INFORMATION SHOWN:
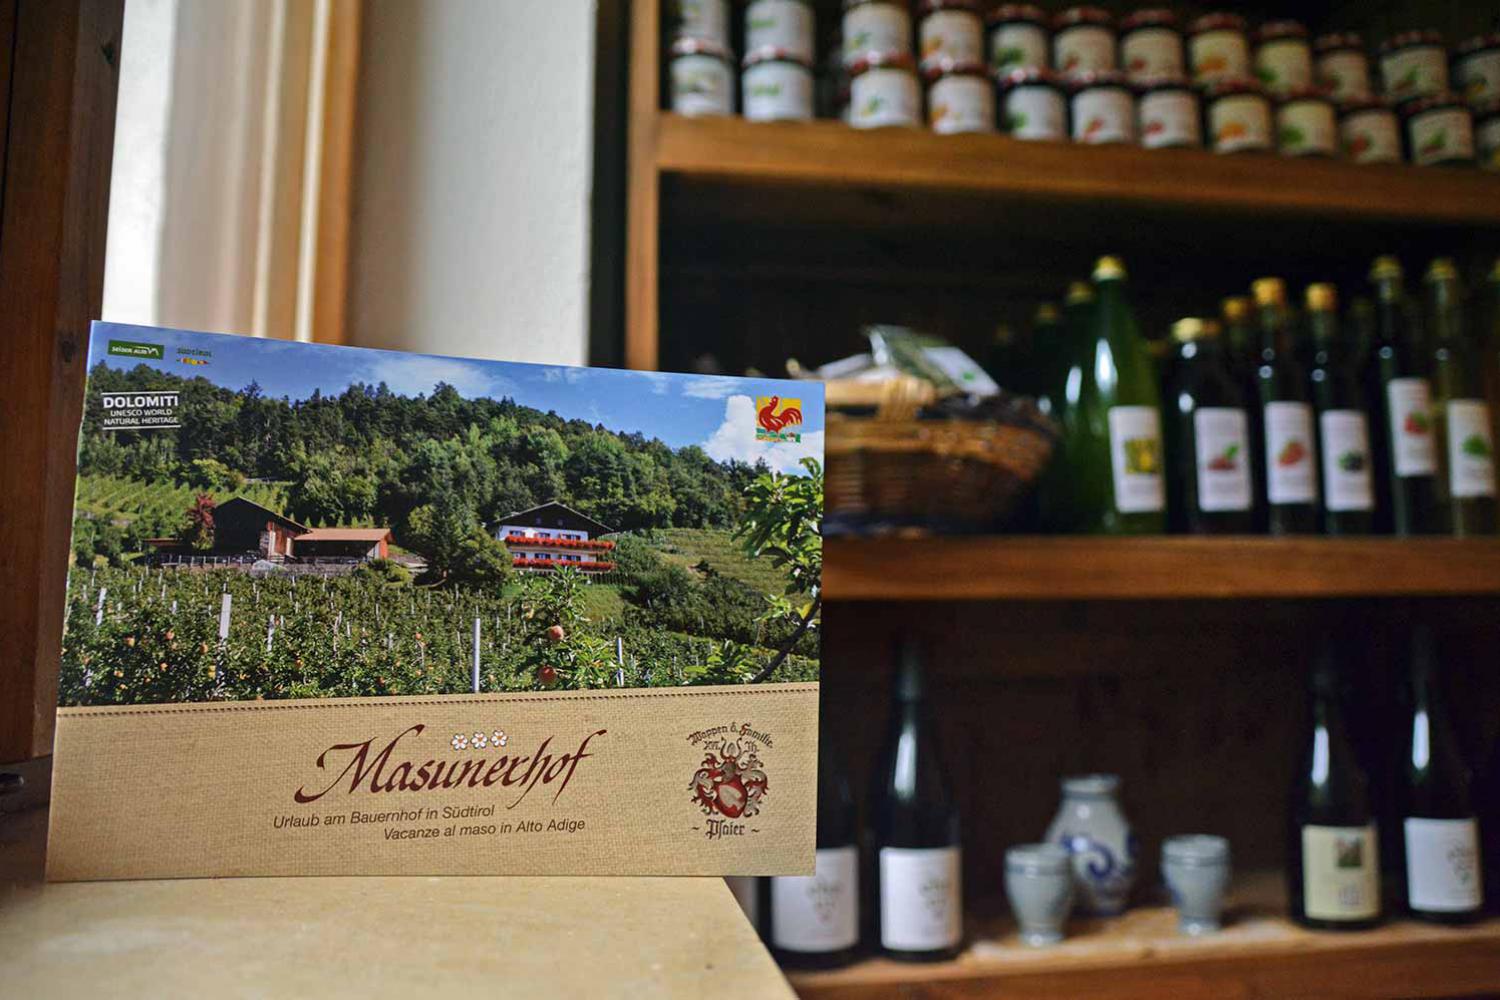 Farm products from the Masunerhof
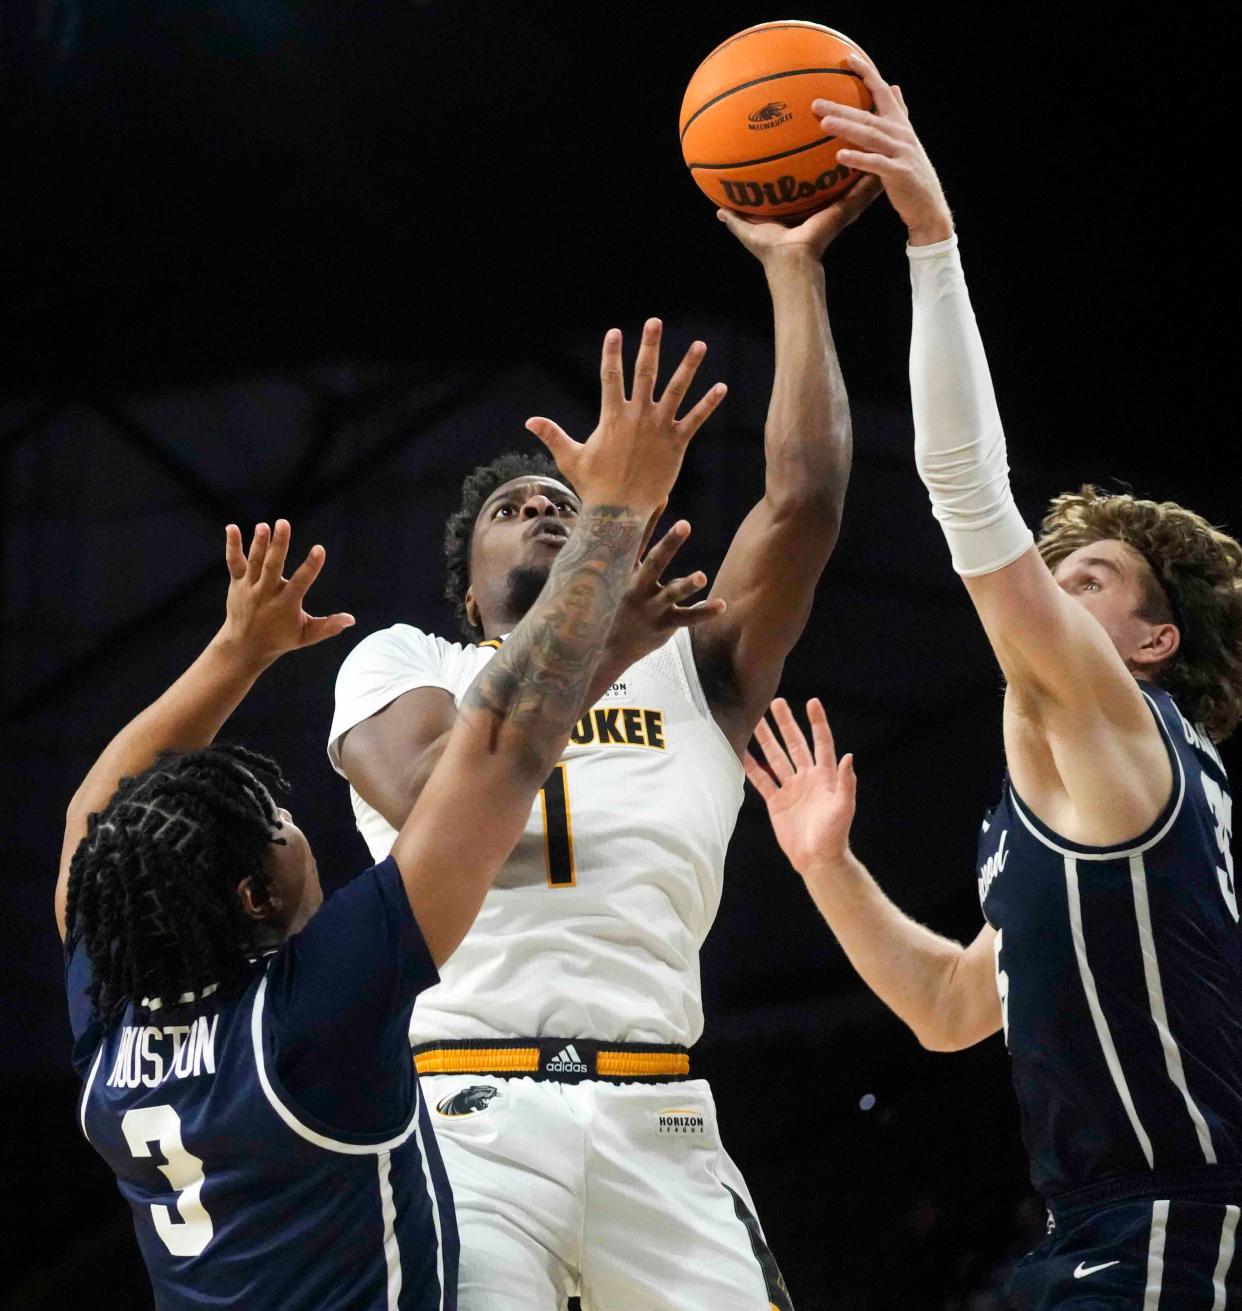 Junior guard Markeith Browning II has been dismissed from UWM's men's basketball team.
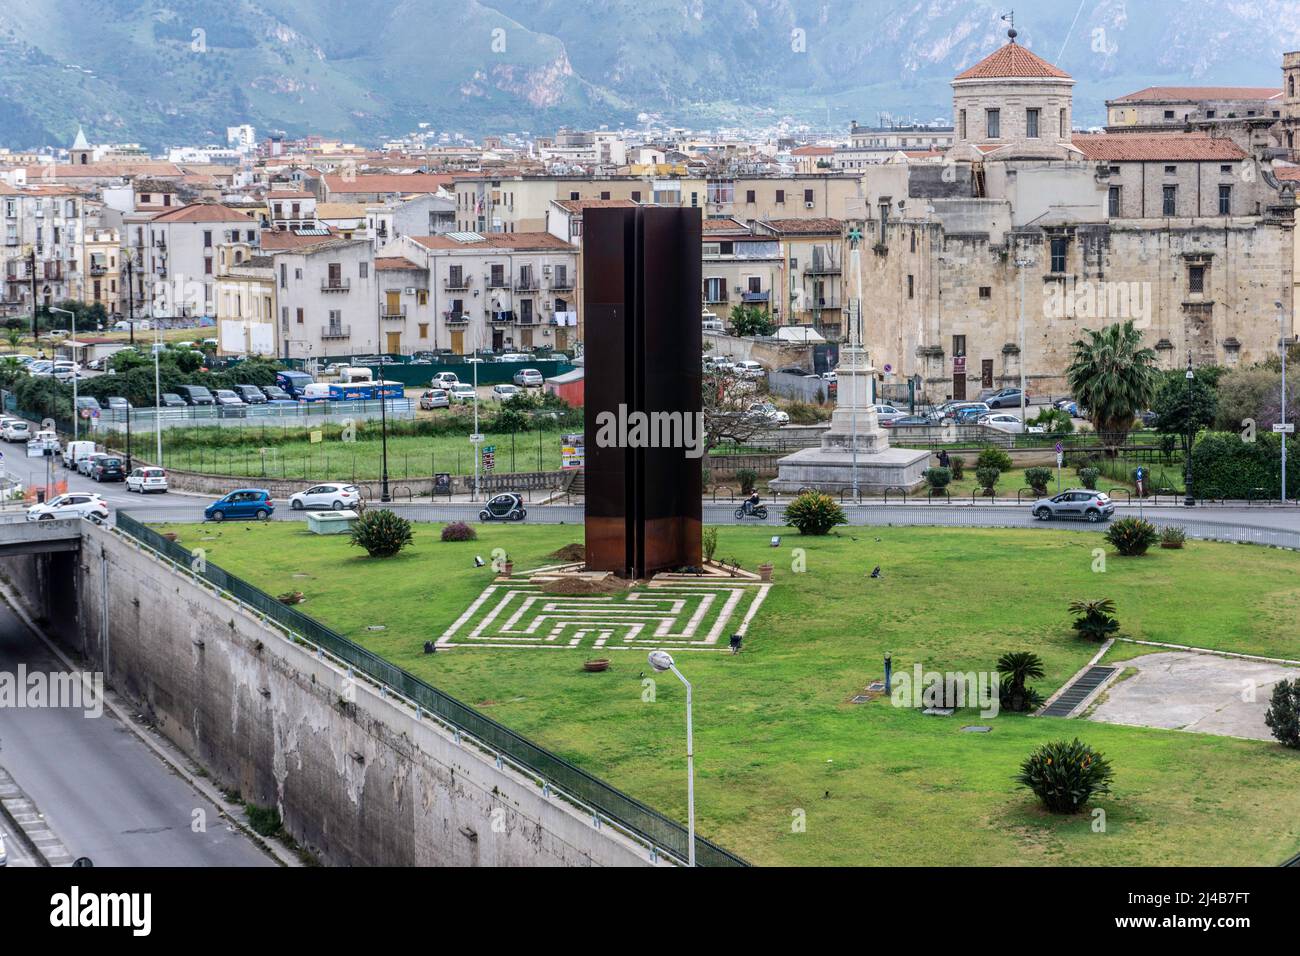 The monument to the victims of the struggle against the Mafia in Piazza XIII Vittime, Palermo, Sicily, Italy. Designed by the sculptor,Mario Pecoraino Stock Photo

YOUR ASSIGNMENT:
The expected answer consists solely of the lines from the one with "Junior guard Markeith" through the last line of the listing above, restated exactly, minus any pictures.

SOLUTION TO THIS TASK:
 Junior guard Markeith Browning II has been dismissed from UWM's men's basketball team.
 The monument to the victims of the struggle against the Mafia in Piazza XIII Vittime, Palermo, Sicily, Italy. Designed by the sculptor,Mario Pecoraino Stock Photo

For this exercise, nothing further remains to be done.